TuSimple / centerformer

Implementation for CenterFormer: Center-based Transformer for 3D Object Detection (ECCV 2022)

MIT License

294 stars 28 forks source link

Question about why the add&norm structure of the tranformer network differ from the typical transformer one #24

Open Liaoqing-up opened 1 year ago

Liaoqing-up commented 1 year ago

https://github.com/TuSimple/centerformer/blob/96aa37503dc900d1aebeb7c1086c33bbd0c01d26/det3d/models/utils/transformer.py#L267-L279 In the code, the residual in transformer is only the input after add and does not pass through the norm layer. add and norm are not taken as a whole, which is different from the typical transformer structure (the result of add and norm in series as a new level of input). Is there any special consideration for the design here?

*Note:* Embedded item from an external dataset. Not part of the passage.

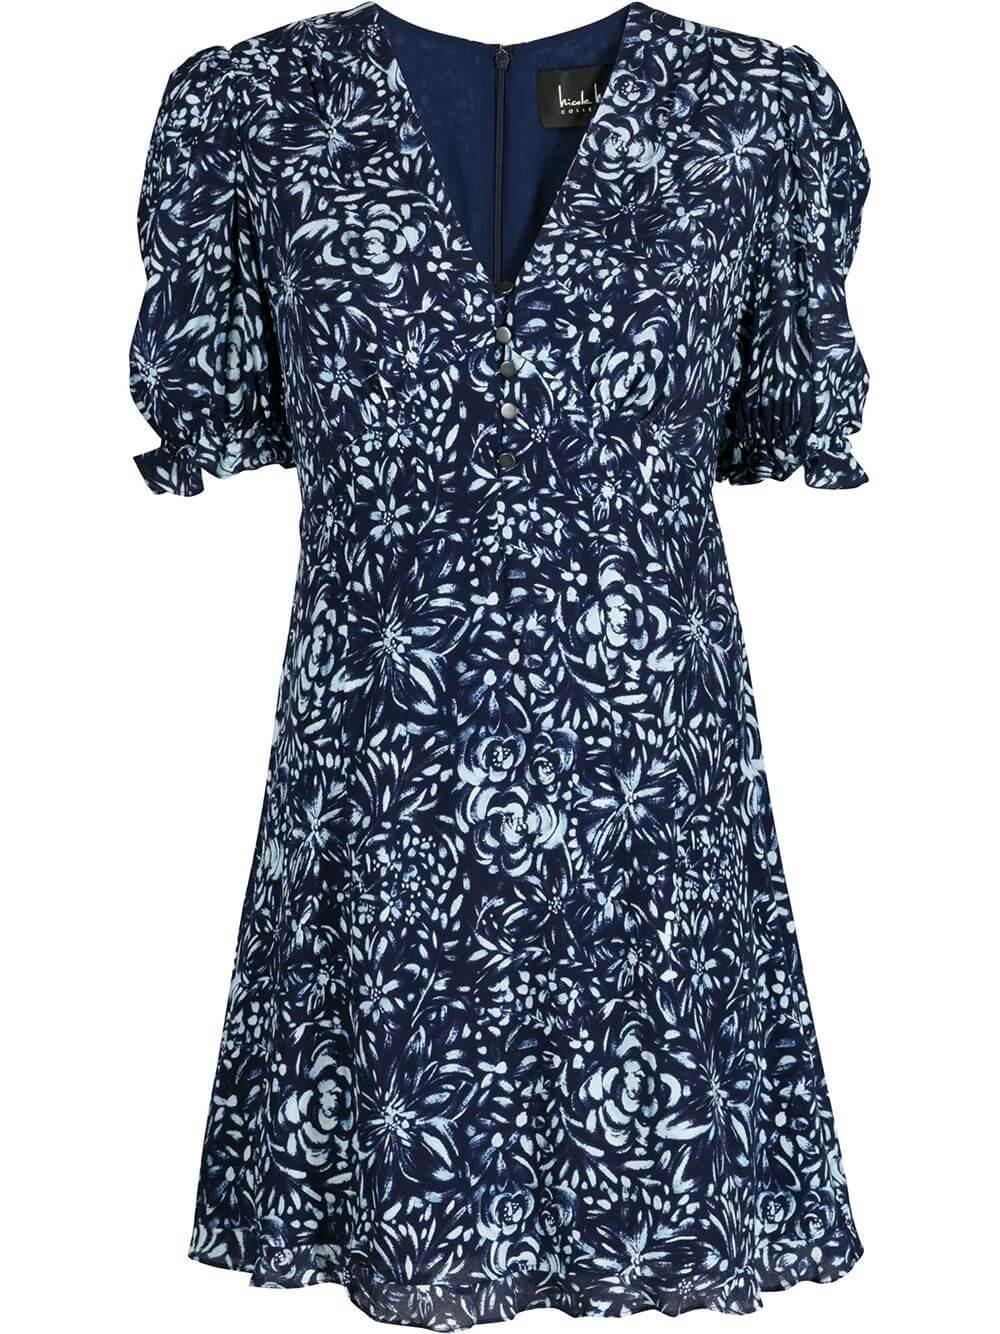 Evening Garden Mini Dress Item # CD18674
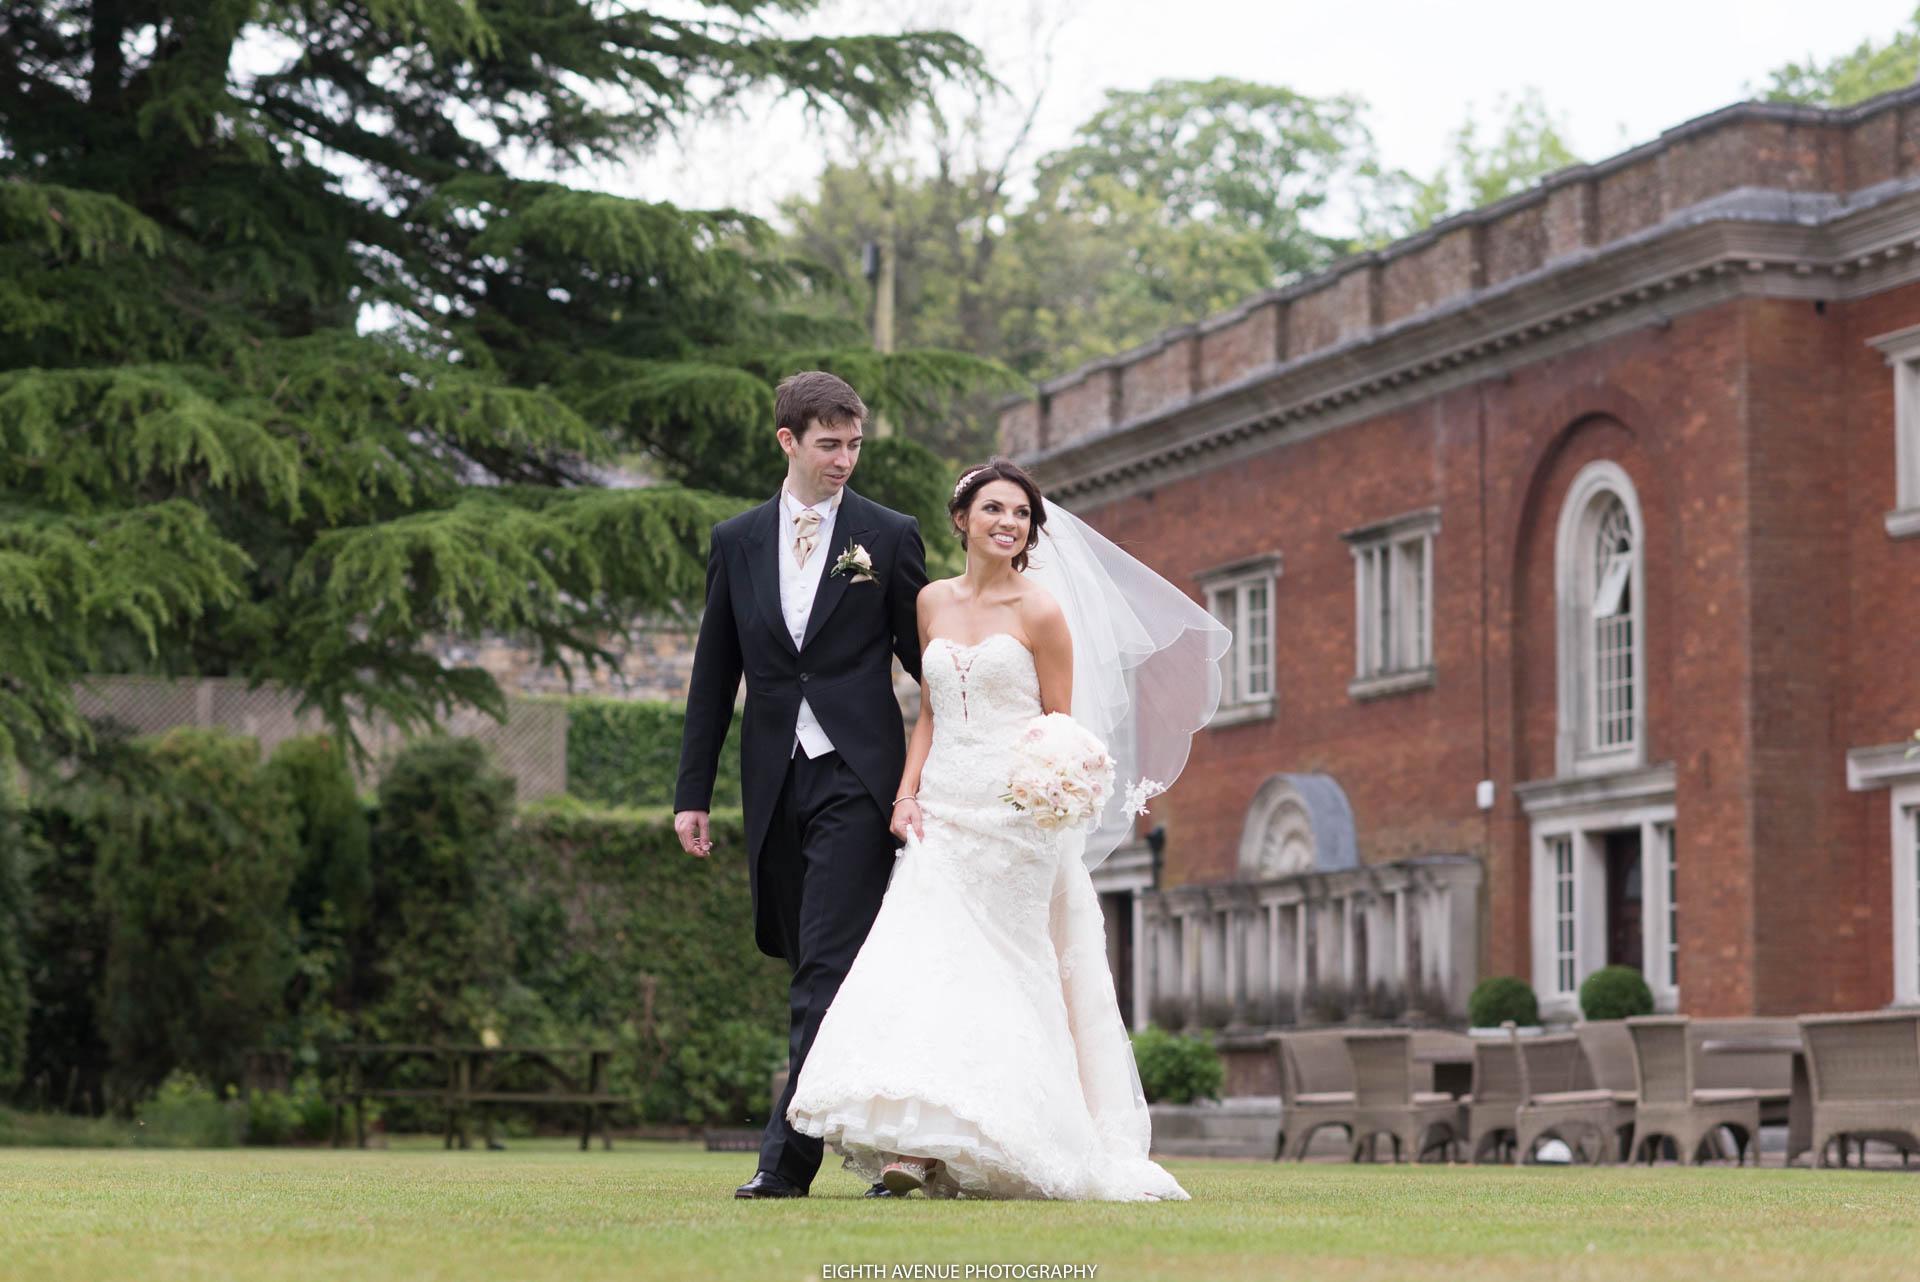 Bride and grooms walking across lawn

edwardzhou130 commented 1 year ago

I used prenorm inside each layer. https://github.com/TuSimple/centerformer/blob/96aa37503dc900d1aebeb7c1086c33bbd0c01d26/det3d/models/utils/transformer.py#L218-L238

Liaoqing-up commented 1 year ago

I used prenorm inside each layer.

https://github.com/TuSimple/centerformer/blob/96aa37503dc900d1aebeb7c1086c33bbd0c01d26/det3d/models/utils/transformer.py#L218-L238

I see, but I wonder if you have tried Add&Norm after each layer, which means the residual skip connect input are the features already passed through the Norm. Is it possible that the results of these two structures do not differ much?

edwardzhou130 commented 1 year ago

Sorry, I haven't tried Add&Norm after each layer. Do you have experience with this before and would the results be better if you used this implementation?